Appends the `<value>`

at the end of `<list>`

.

`<list>.reverse()`

Reverses the elements in the `<list>`

.

The `if`

-statement in Python has the following forms:

```
if <condition>:
<this>
if <condition>:
<this>
else:
<that>
if <condition-1>:
<this>
elif <condition-2>:
<that>
elif <condition-3>:
<something else>
...
...
else:
<other>
```

The conditions can be any expression that results in a `True`

, `False`

, `1`

, or `0`

value. Review Chapter 4 for details on writing conditional expressions.
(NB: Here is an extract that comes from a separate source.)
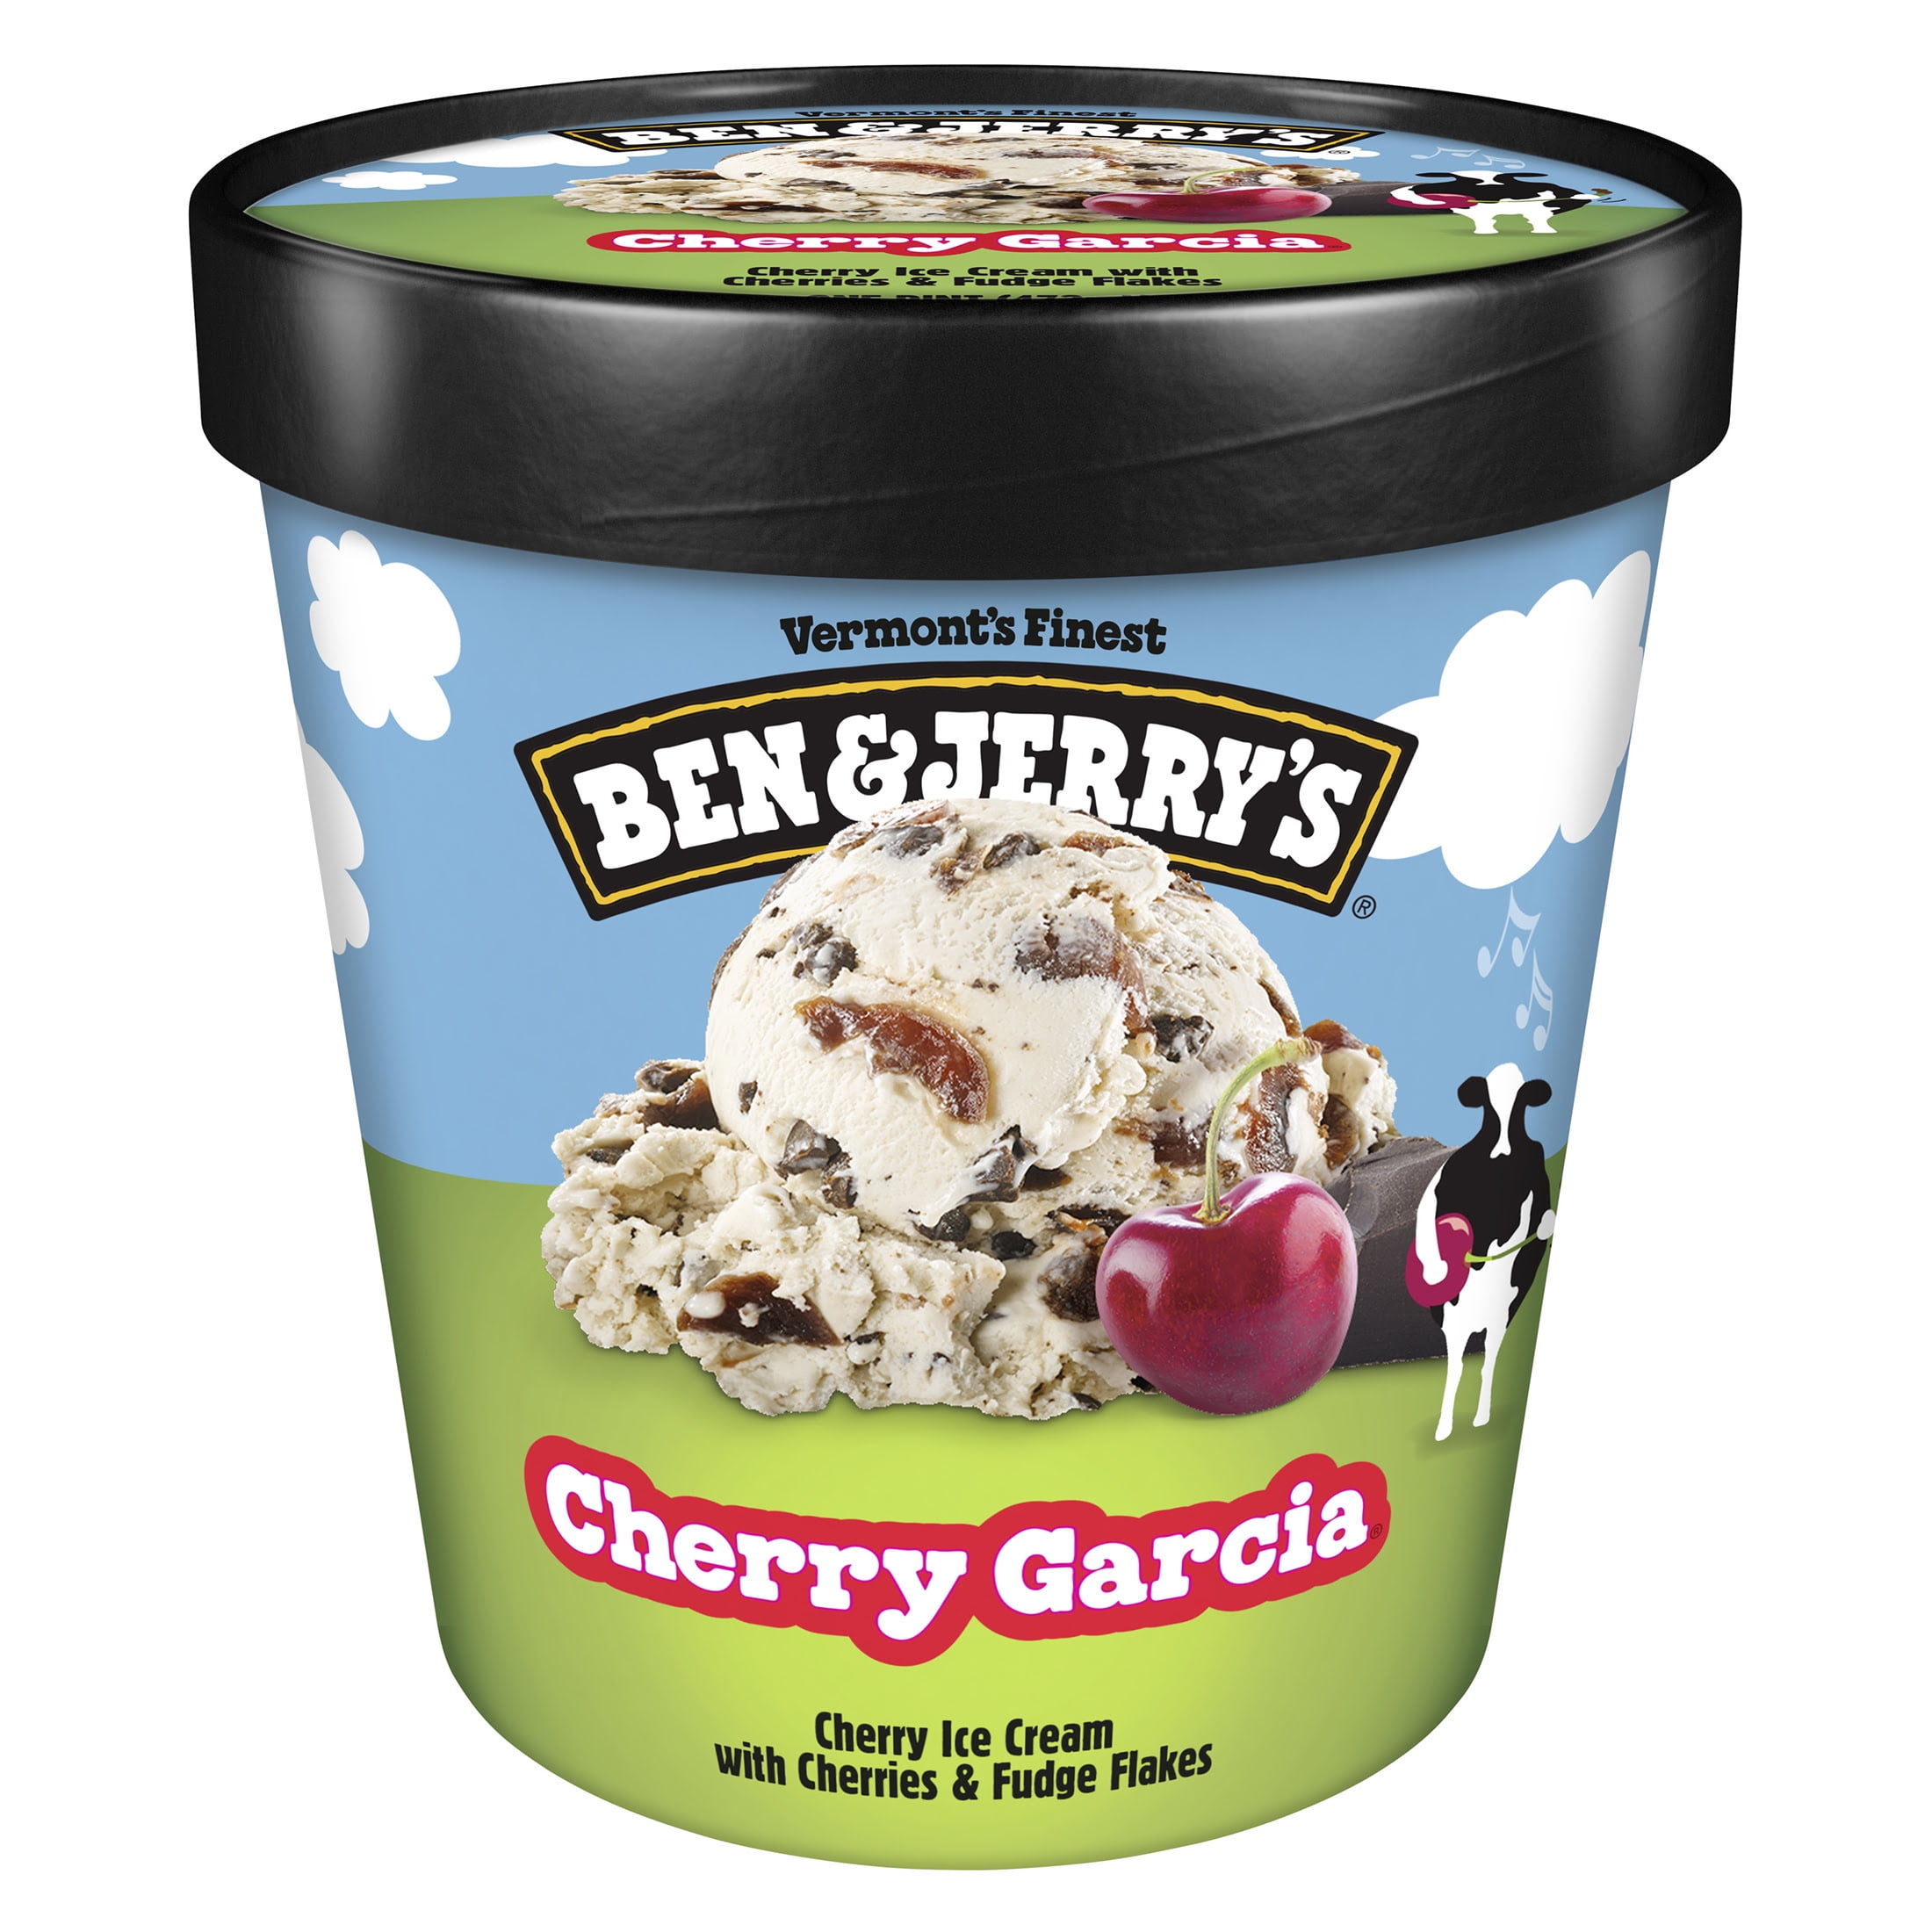 Ben & Jerry's Cherry Garcia Ice Cream Pint 16 oz

The math library module provides several useful mathematics functions. Some of the commonly used functions are listed below:

** ceil(x)** Returns the ceiling of x as a float, the smallest integer value greater than or equal to x.

** floor(x)** Returns the floor of x as a float, the largest integer value less than or equal to x.

** exp(x)** Returns $e^x$.

** log(x[, base])** Returns the logarithm of x to the given base. If the base is not specified, return the natural logarithm of x (i.e.,
$\log_e{x}$).

** log10(x)** Returns the base-10 logarithm of x (i.e. $\log_{10}{}$x).

** pow(x, y)** Returns $x^y$.

** sqrt(x)** Returns ($\sqrt{x}$).

Trigonometric functions

** acos(x)** Returns the arc cosine of x, in radians.

** asin(x)** Returns the arc sine of x, in radians.

** atan(x)** Returns the arc tangent of x, in radians.

** cos(x)** Returns the arc cosine of x, in radians.

** sin(x)** Returns the arc sine of x, in radians.

** tan(x)** Returns the arc tangent of x, in radians.

** degrees(x)** Converts angle x from radians to degrees.

** radians(x)** Converts angle x from degrees to radians.

The module also defines two mathematical constants:

** pi** The mathematical constant $\pi$.

** e** The mathematical constant $e$.

In this chapter we presented informal *scope rules* for names in Python programs. While these can get fairly complicated, for our purposes you need to know the distinction between a *local name* that is local within the scope of a function versus a *global name* defined outside of the function. The text ordering defines what is accessible.

There were no new Python features introduced in this chapter.

The only new Python feature introduced in this chapter was the creation of modules. Every program you create can be used as a library module from which you can import useful facilities.